Last modified 18 years ago

#28 assigned defect

DBCS don't work properly

Reported by: dmik Owned by: dmik
Priority: normal Milestone:
Component: kernel Version: 3.3.1-rc06
Severity: normal Keywords:
Cc: DBCS Japanese

Description

DBCS characters can neither be entered nor displayed correctly. For example, if you set codepage 932 as the system default code page (provided that you have Japanese fonts and other resources installed), open the Qt font dialog, select Times New Roman MT 30 and select, say, the Katakana or Han script (which produces 41 61 42 62 83 4F 83 5F 83 6F 83 80 and 41 61 42 62 90 9F E4 70 8C 65 E8 D9 byte sequences in the Sample field, respectively), you will get Japanese characters overlaid each other. Also, there are reports that it's impossible to enter characters using IME (Input Method Editor).

Attachments (1)

qt3pko.zip (96.1 KB ) - added by komh 18 years ago.

Download all attachments as: .zip

Change History (9)

by komh, 18 years ago

Attachment: qt3pko.zip added

comment:1 by komh, 18 years ago

Patches for DBCS intput/output. Sometimes input box is misplaced a little.

comment:2 by dmik, 18 years ago

Status: newassigned

Dear Myung-Hun, thank you for the patches. I will check and commit them tomorrow: your changes in qapplication_pm.cpp (KC_CHAR and zero checks) may cause regressions for SBCS codepages in processing of Ctrl/Alt-letter combinations.

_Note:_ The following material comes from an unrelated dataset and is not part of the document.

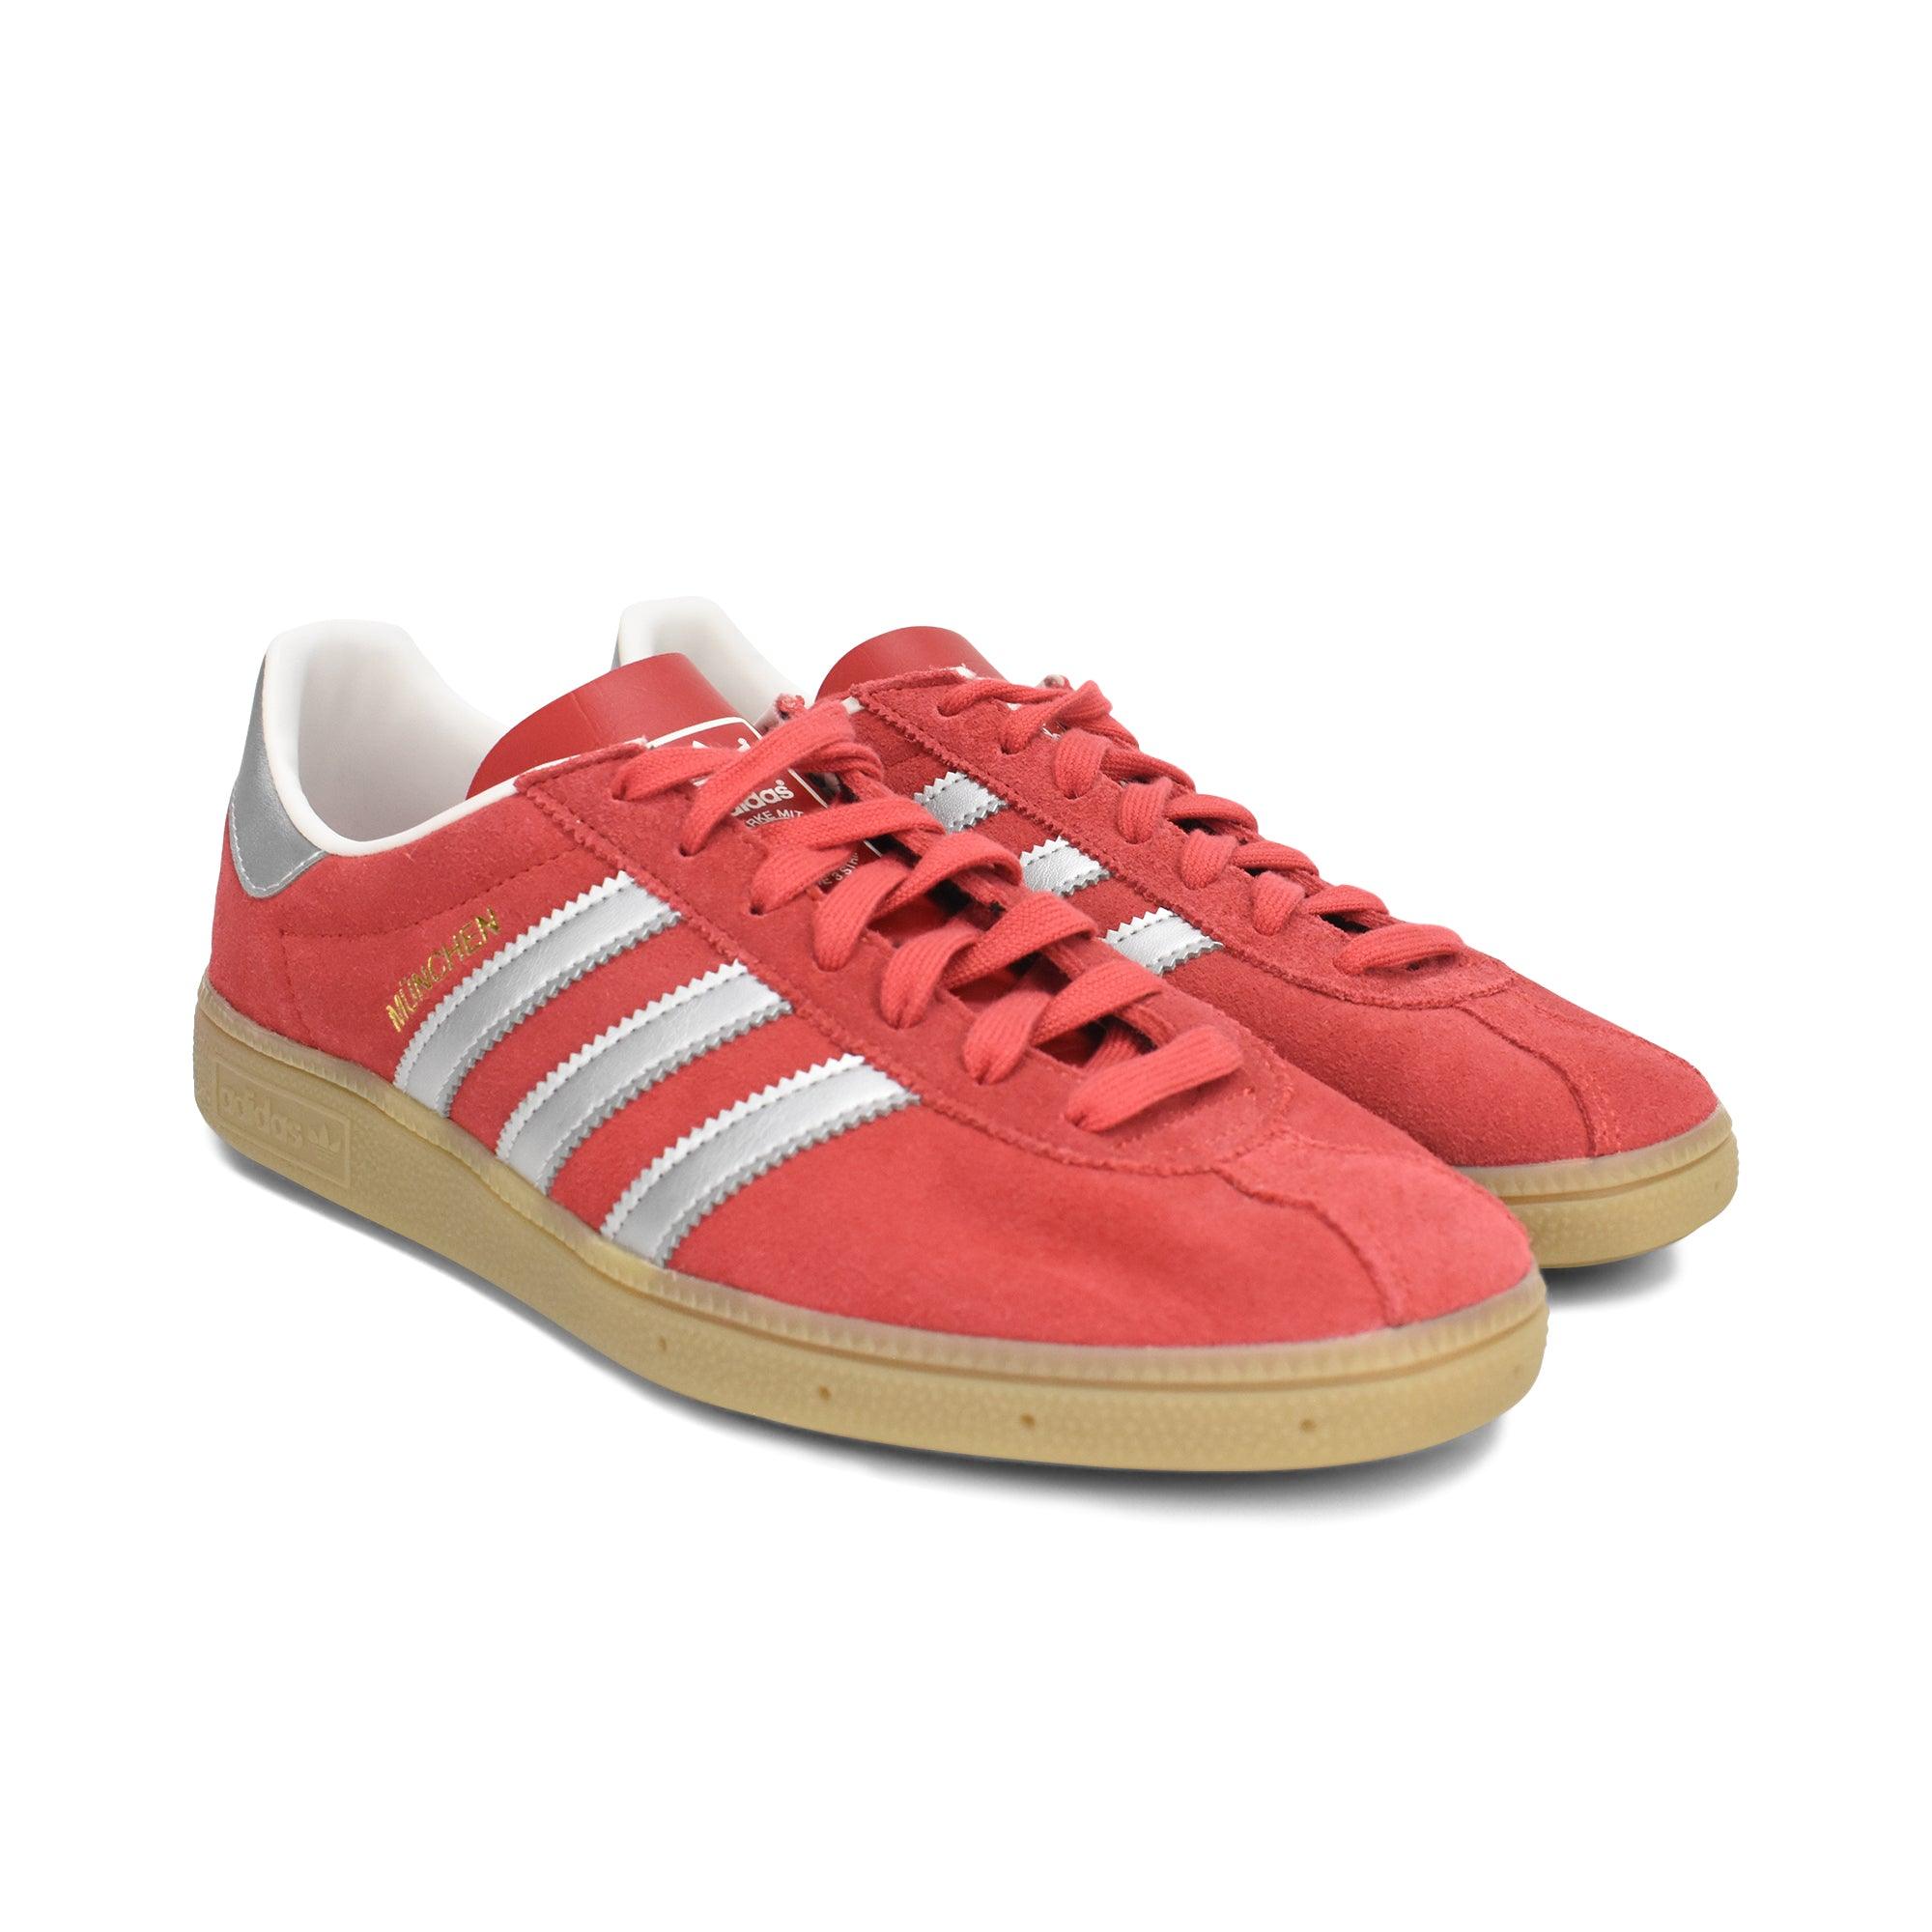 Adidas 'Gazelle' Sneakers - Men's 42.5 - Fashionably Yours

Regarding the input box position. Qt doesn't use PM focus (it handles all focus traversal logic on its own) and doesn't update the PM cursor position, so in order to get the correct "caret position" one needs to detect the widget class and use an appropriate way to query the coordinates of whatever the "caret position" for this widget class is. Also, I think we should return QCP_NOCONVERT in response to WM_QUERYCONVERTPOS for those widgets that don't have any "caret position" at all (for example, QFrame, QLabel, QPixmap, etc).

Btw, if you know how to check DBCS input/output w/o installing a DBCS version of OS/2, please share this knowledge to let me test things locally. If I simply set, say, codepage 932 on my SBCS eCS, nothing works as it should of course.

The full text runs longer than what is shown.